The U.S. Department of Labor (USDOL) issued a proposed rule that could significantly reshape how workers are classified as employees or independent contractors under federal wage and hour laws. It was proposed on February 27, 2026 and, if finalized, the rule would rescind the 2024 Biden-era regulation and replace it with a streamlined analysis more closely aligned with the Department’s 2021 framework and longstanding federal court precedent.

The proposal is open for public comment through April 28, 2026 and may evolve before finalization.

Intent of the Proposed Rule

At the center of the proposal is a return to the traditional “economic reality” test. This analysis focuses on whether a worker is economically dependent on an employer (and therefore an employee) or is truly in business for themselves (an independent contractor).

The proposed rule identifies two “core factors” as most probative:

  1. The nature and degree of control over the work, and
  2. The worker’s opportunity for profit or loss based on initiative and/or investment.

Other Factors

Additional considerations include:

  • The level of skill required for the work
  • The permanence of the working relationship
  • Whether the services performed are part of an integrated unit of production

Importantly, the proposed rule emphasizes that actual working practices — not merely contractual language — will govern the analysis.

According to the Department, the objective is to provide clearer and more predictable guidance for both workers and employers while preserving protections under the Fair Labor Standards Act (FLSA). The proposed framework would also apply to statutes that incorporate the FLSA’s definition of “employ,” including the Family and Medical Leave Act (FMLA) and the Migrant and Seasonal Agricultural Worker Protection Act.

The proposal is open for public comment through April 28, 2026, and may evolve before finalization.

Implications and Comparison to New Jersey Standards

While the proposed federal rule seeks simplification and flexibility, it differs meaningfully from the more stringent worker-classification framework applied in New Jersey.

Under New Jersey law — reinforced by Department of Labor regulations and the Carpet Remnant Warehouse, Inc. v. New Jersey Department of Labor decision — the state applies the ABC Test. This test presumes a worker is an employee unless the employer can prove:

A. The worker is free from control or direction;
B. The service is outside the usual course of business (or performed outside all places of business); and
C. The worker is customarily engaged in an independently established trade or business.

Failure to satisfy any one of the three prongs’ results in employee status under New Jersey law. As such, New Jersey’s standard is widely regarded as more demanding than the federal economic reality test.

For multi-state employers, this distinction is critical. Even if a worker qualifies as an independent contractor under federal law, that classification may not withstand scrutiny under New Jersey’s ABC Test or any other state where the employer has workers.

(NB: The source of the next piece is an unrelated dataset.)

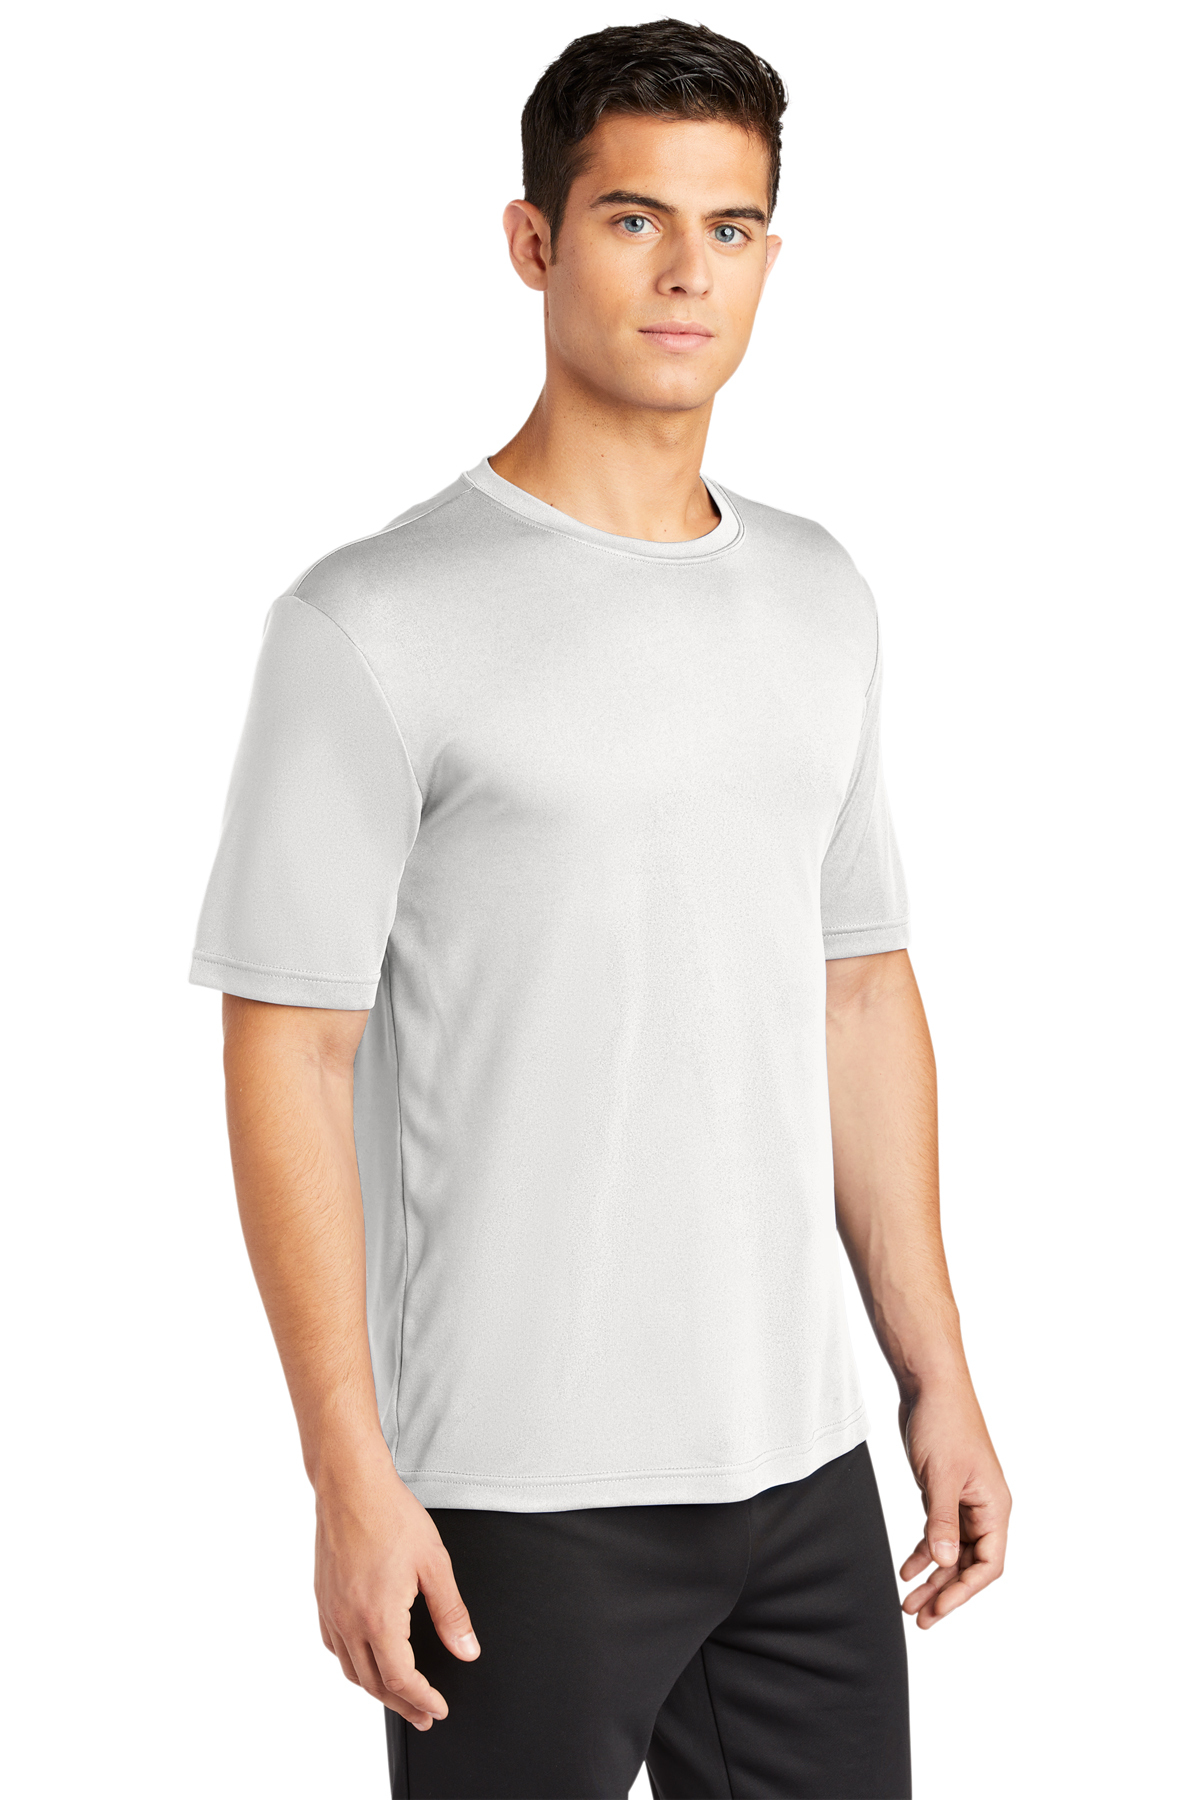 Sport-Tek Tall PosiCharge Competitor™ Tee | Product | SanMar

Enforcement Environment and Financial Risk

Regardless of the ultimate outcome of the proposed federal rule, worker misclassification remains a significant enforcement priority at both the federal and state levels.

Enforcement actions can result in substantial civil penalties, back wages, tax assessments, interest, and, in certain cases, criminal liability. Investigations may be triggered by agency audits, interagency information sharing, or worker complaints.

The financial and operational consequences of reclassification can be severe. A notable example is FedEx, which faced extensive litigation over its classification of drivers and ultimately agreed to pay approximately $468 million to resolve claims across California, Oregon, and more than 20 other states. In 2015, the Ninth Circuit held that certain drivers had been misclassified as independent contractors rather than employees under applicable law, exposing the company to significant liability for employee-related benefits and protections.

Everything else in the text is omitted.